With its dark, foreboding colour palette and understated 8-bit graphics, The Final Station does little to entice players into its surprisingly deep, bittersweet tale of a world ravaged by an unknown, extra terrestrial virus. It’s a short game lasting around four to five hours, and it focusses on the conductor of an experimental train that travels between the last inhabited towns and cities. As you can probably guess, things rapidly begin to unravel and our heroic conductor is forced to explore increasingly dangerous locations in order to resupply his train and locate the unlock codes for the barriers that halt his train in each location.
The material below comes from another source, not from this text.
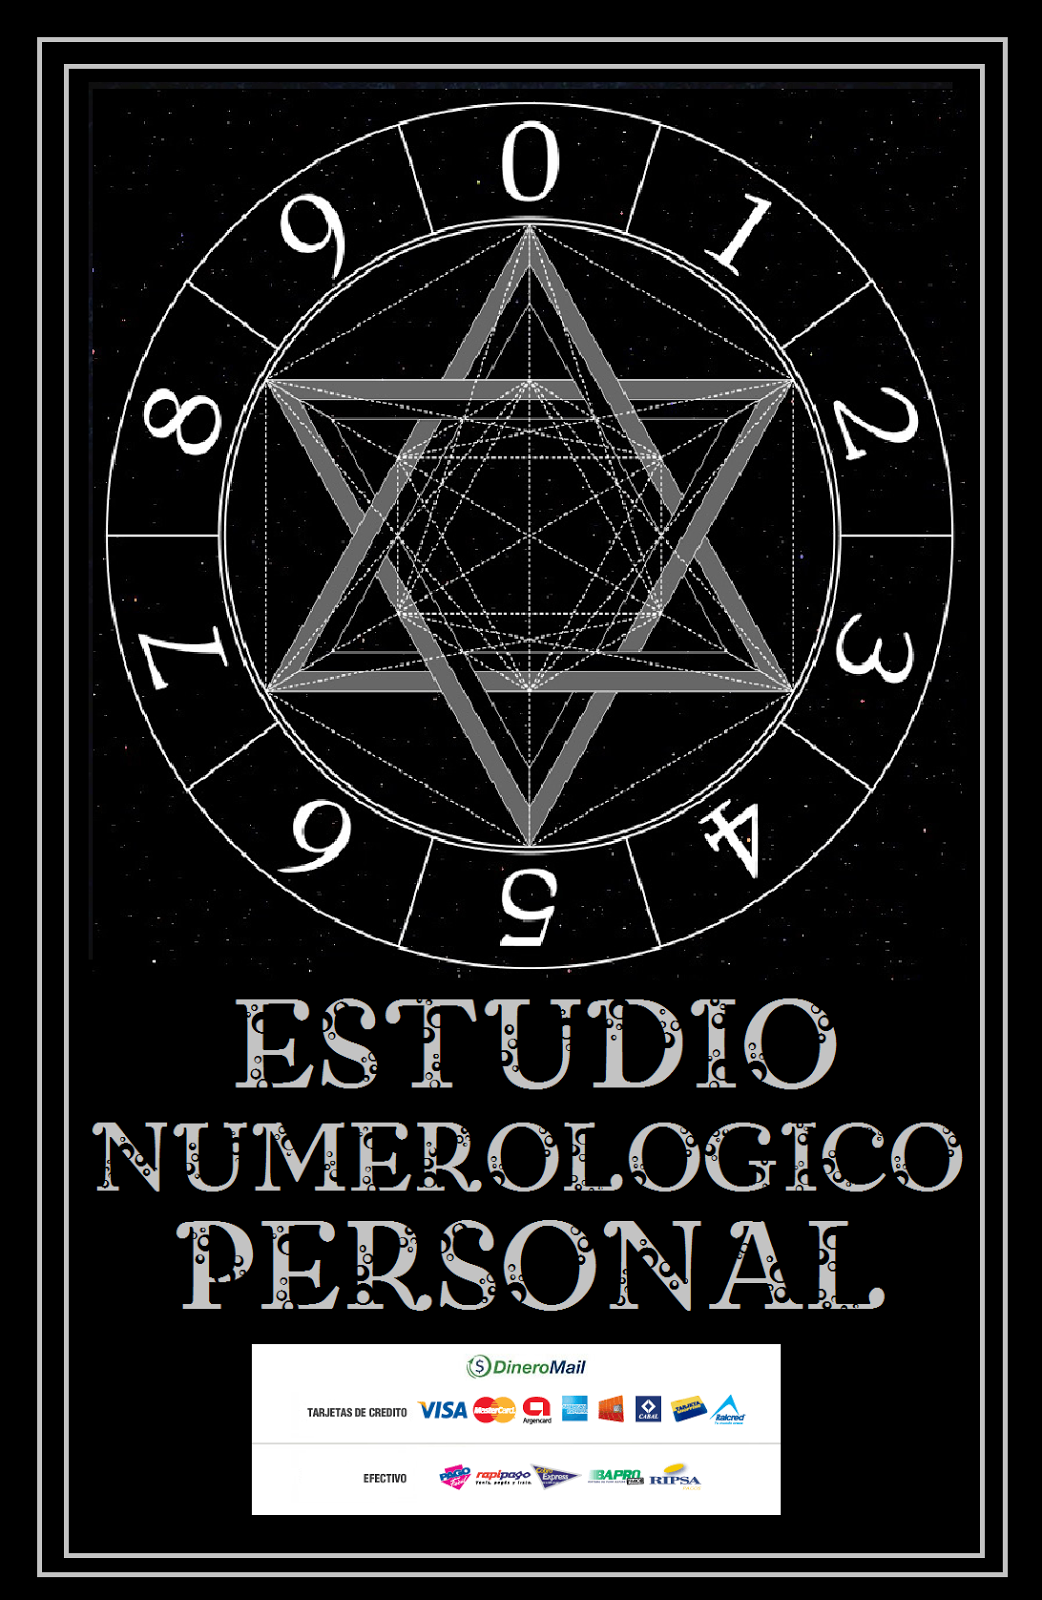 Servicio Numerologia.

There are two forms of gameplay in The Final Station. The main bulk of the game has our intrepid conductor exploring the towns and cities that his train comes to rest at throughout its journey. These parts of the game involve a mixture of light puzzling and platforming with a heavy dose of combat and straightforward exploration. During these sequences, the conductor learns more about the spread of the virus and how the inhabitants of each town are coping, but the main benefit of exploration is in the discovery of critical supplies such as food, medical kits and ammo. The other mode of play in The Final Station is focussed on managing the train and its occupants between stops. The conductor must maintain the train by undertaking one (or more) simple mini-games as the train progresses, and at the same time he must also manage the food and health needs of his passengers. Keeping passengers alive until they reach their destination reaps financial benefits, as well as better rewards such as weapon upgrades for rescuing some.
It’s a blessing that the exploration sections are considerably longer than the train sections, because there is no doubt that they are a lot more fun. There are relatively few kinds of enemies, but the game uses them in interesting ways, presenting the player with challenging spaces to fight in, as well as the occasional alternative option such as shooting explosive barrels. Exploration in itself is made interesting in The Final Station due to both the compelling fiction about what is happening in the world, and because each of the towns the train passes through seems to tell its own story. One is home to some kind of planned heist and another harbours a strange religious cult. Others tell more pedestrian tales about peeping toms who lure women to live in their apartments via cheap rent, or of people leaving their spouses due to financial failure.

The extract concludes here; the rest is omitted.